Западные корреспонденты тоже навещали голодавших и брали многочисленные интервью. Большую поддержку оказали западные ученые. Они выражали протест советским властям, а в некоторых местах начались голодовки солидарности. Об одной из них, в хайфском Технионе, сообщила 20 июня израильская газета “Давар”. Около тридцати преподавателей Техниона провели голодовку солидарности со своими московскими коллегами.
После завершения визита Брежнева голодовку прекратили – она выполнила свою роль: представила эмиграционную политику советского руководства в ее истинном виде в самый ответственный момент переговоров на высшем уровне.
Следующей крупной акцией семинара стал проект международного научного симпозиума. Идею этого проекта увез в Израиль профессор Моше Гитерман, получивший разрешение в сентябре 1973 года. В качестве темы для семинара было выбрано приложение физики и математики к другим отраслям науки. Инициаторы уделяли особое внимание тому, чтобы международный симпозиум имел исключительно научное содержание: любая политическая окраска докладов и тема эмиграции исключались.
Инициаторы, конечно, отдавали себе отчет в том, что сам факт проведения международного симпозиума без санкции властей был неслыханным вызовом. “С января месяца, – пишет Азбель,[13] – Саша Воронель, Виктор Браиловский и я целиком посвятили себя планированию симпозиума.

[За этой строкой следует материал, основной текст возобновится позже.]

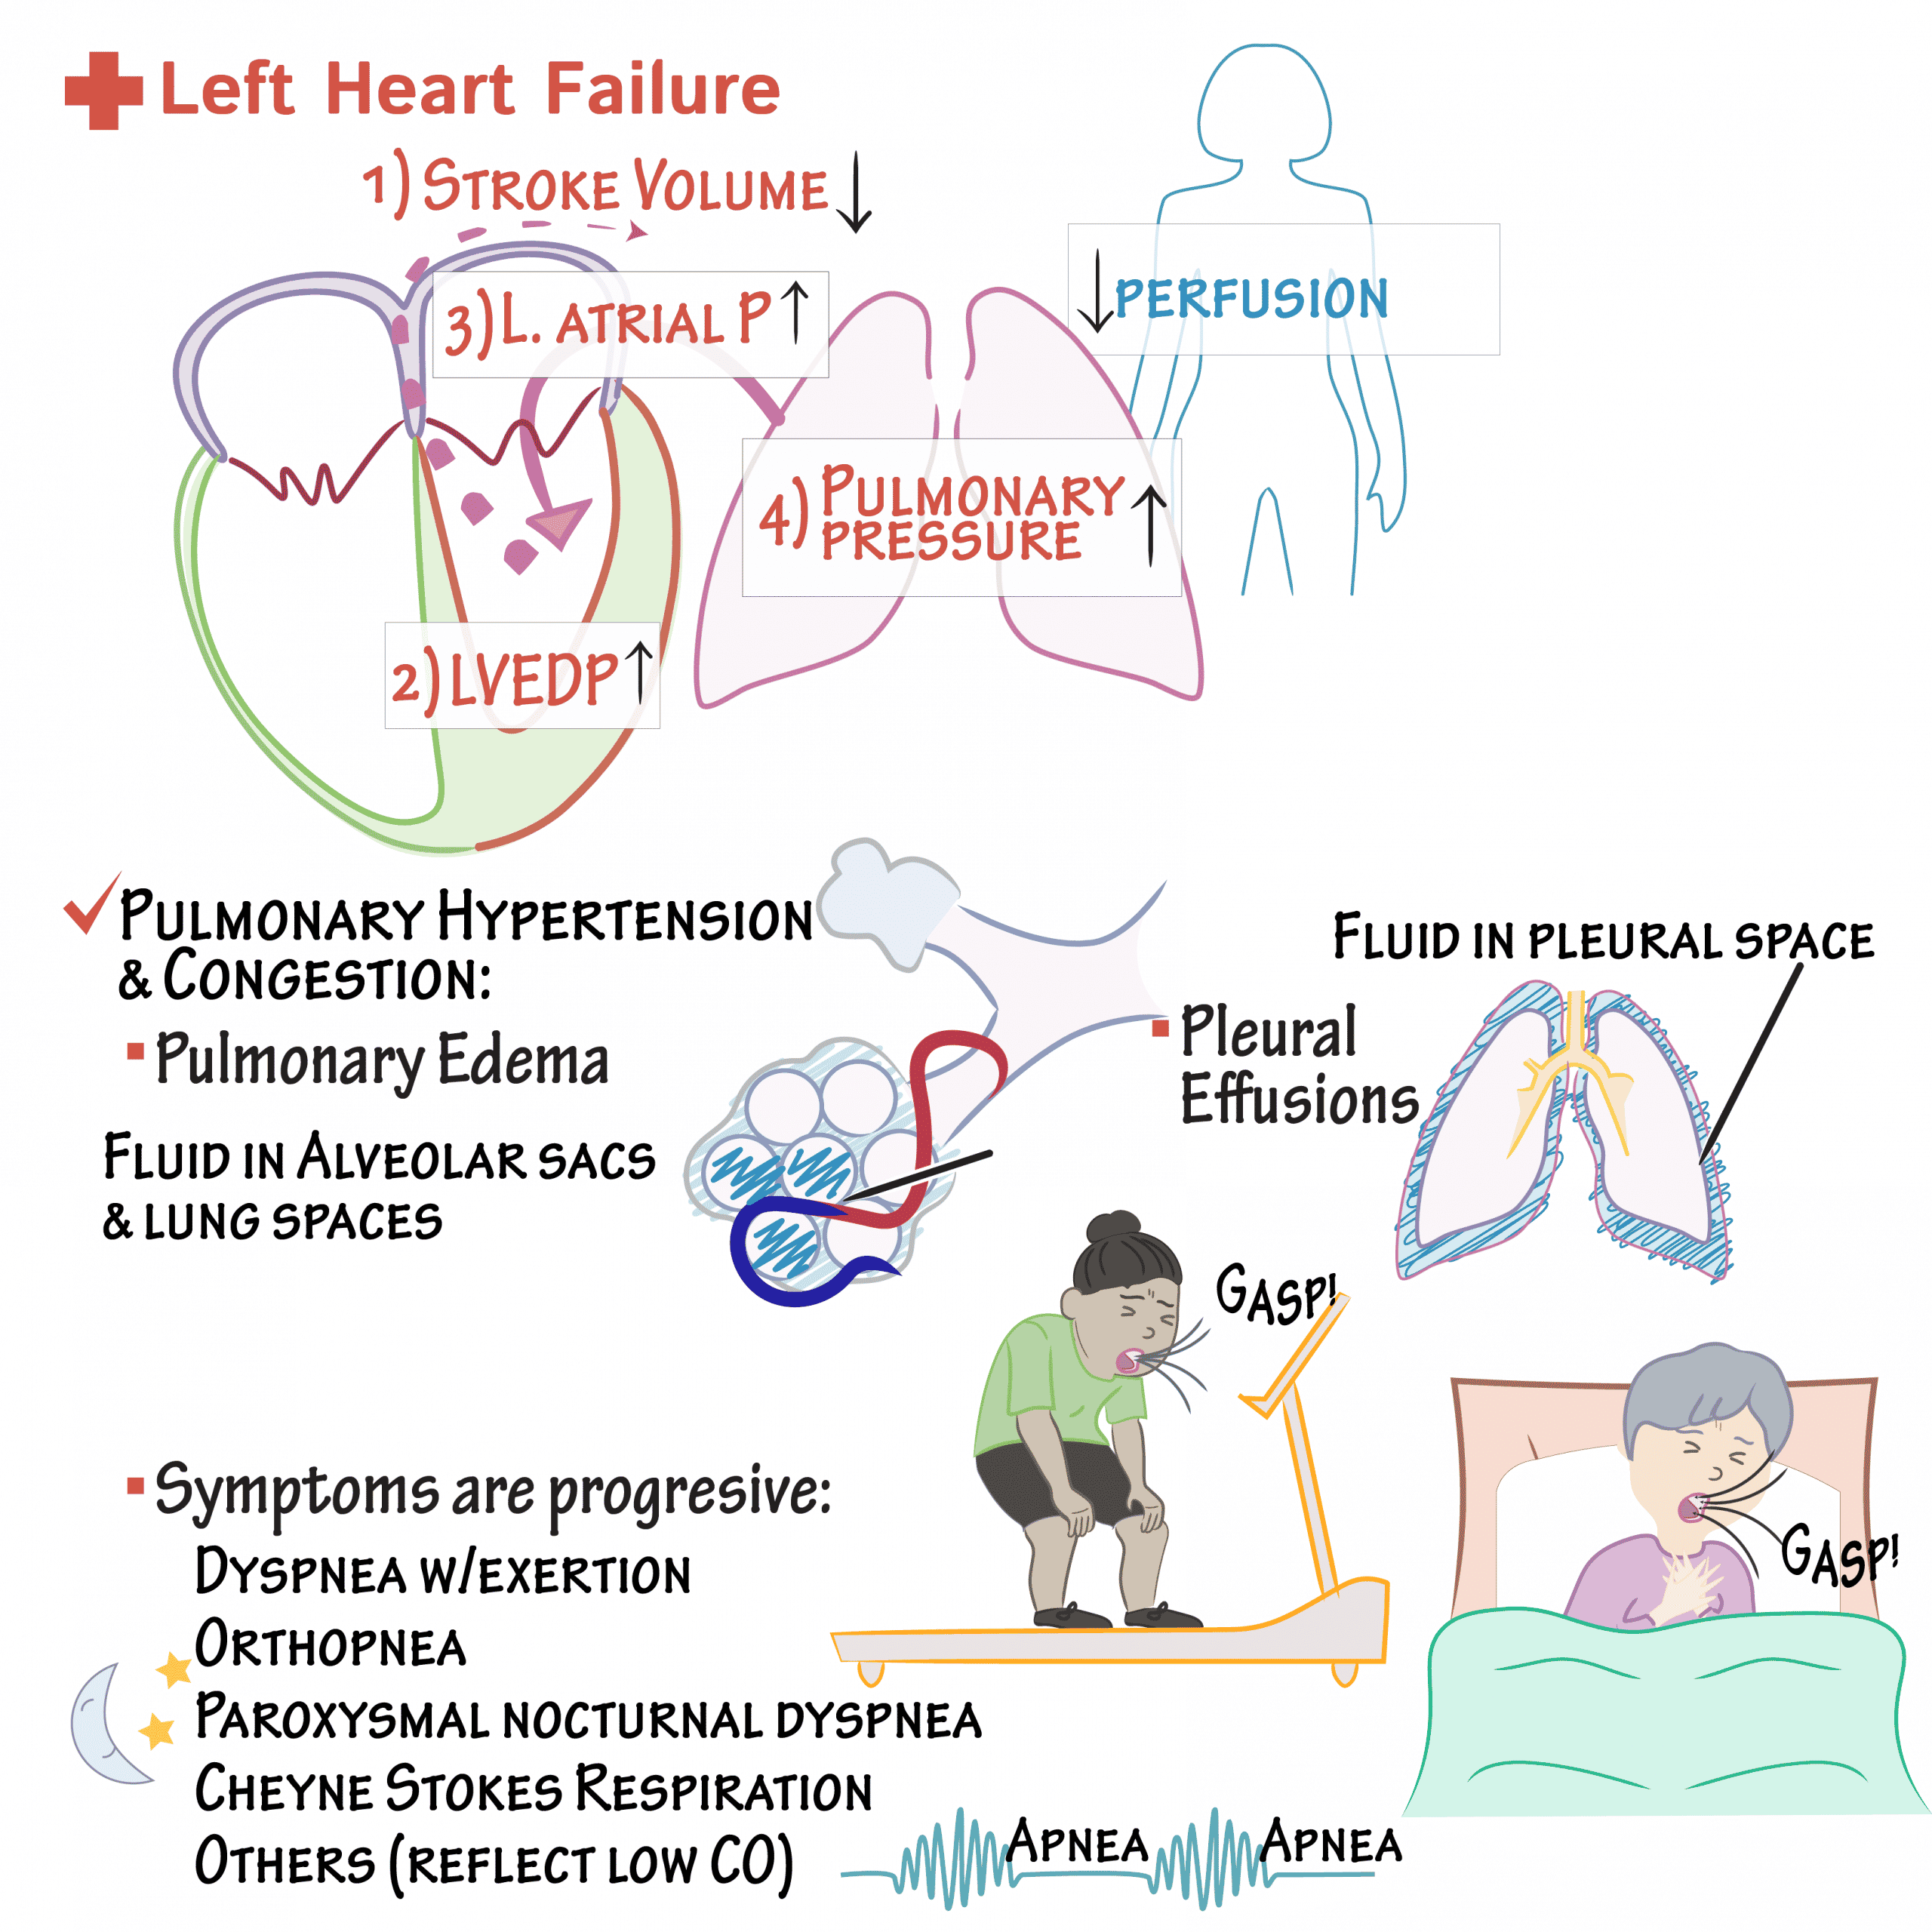 Left Heart Disease Symptoms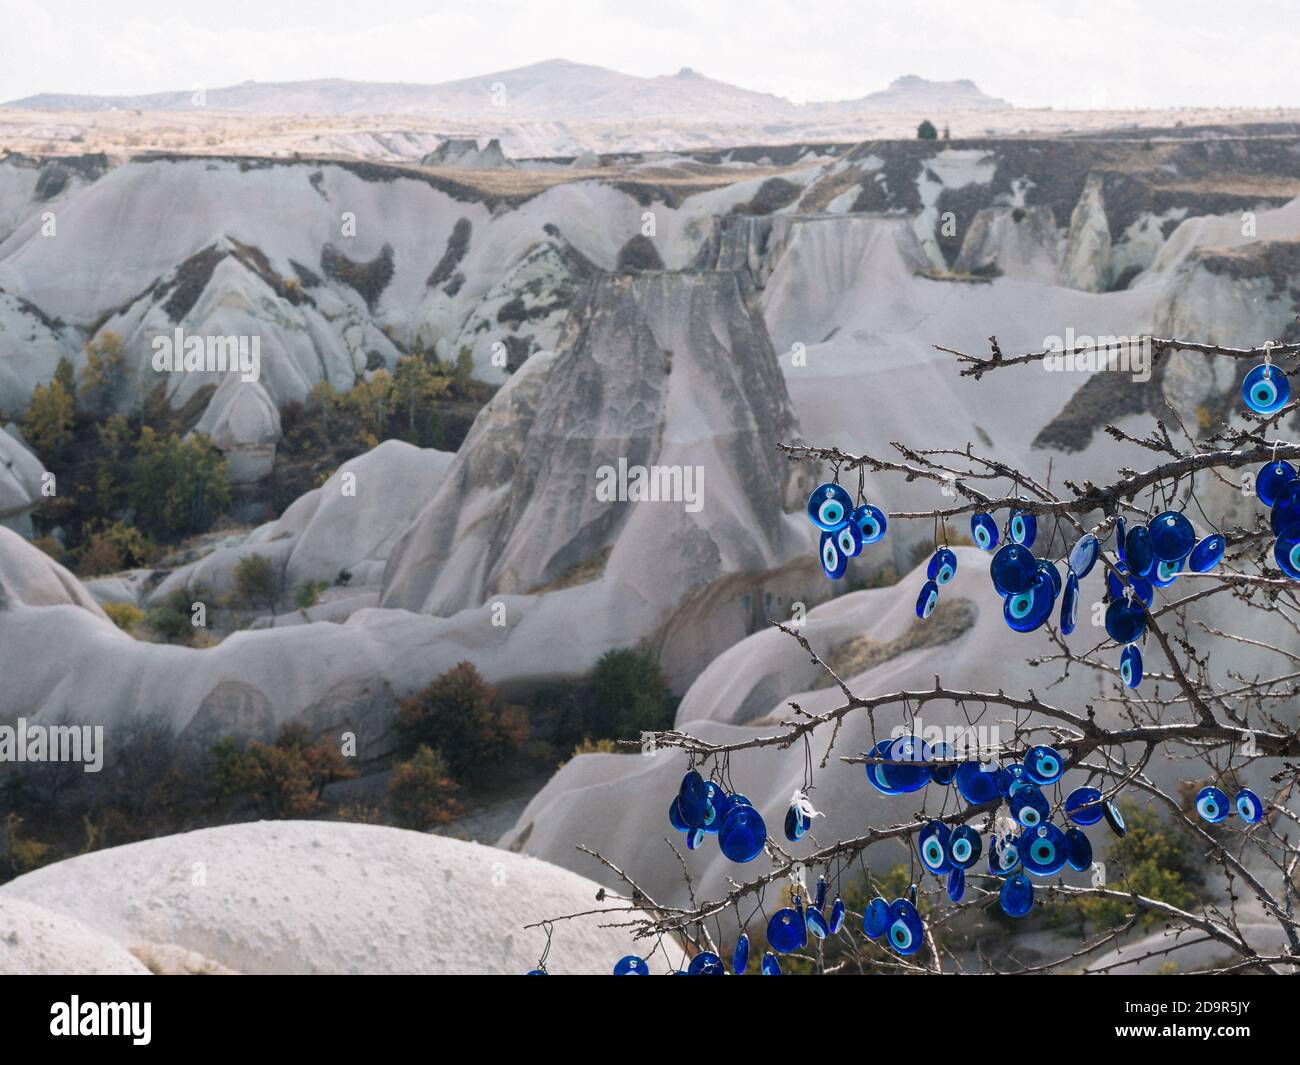 https://c8.alamy.com/compde/2d9r5jy/turkisches-nazar-amulett-blaues-auge-hangt-an-einem-baum-vor-dem-hintergrund-der-berglandschaft-von-kappadokien-aus-blauem-glas-2d9r5jy.jpg

Мы назначили дату его проведения с первого по пятое июля”. Был создан подготовительный комитет, обратившийся к международной научной общественности с предложением принять участие в симпозиуме.
– Дата проведения симпозиума удивительным образом совпадала по времени с визитом в СССР президента США Ричарда Никсона, – обратился я к Марку Азбелю.[14]
– Это совпадение стало весьма опасным усложнением нашей задачи. О возможном приезде Никсона было известно задолго, но дату не сообщили. После того, как дата стала известной, наша акция приобрела вид запланированного протеста, провокации. Мы даже обсуждали вопрос переноса симпозиума на более поздний срок, но, в конце концов, решили, что нереально просить западных ученых менять планы, составлявшиеся заранее и на длительный срок. Нужно признать, что в семьдесят третьем-семьдесят четвертом годах мы еще слабо представляли себе ситуацию за рубежом. Планируя симпозиум, мы не очень рассчитывали на то, что из этого получится что-то крупное. Об образовании комитетов поддержки симпозиума за рубежом мы, как и КГБ, узнали с большим изумлением. Это происходило без нашего пожелания.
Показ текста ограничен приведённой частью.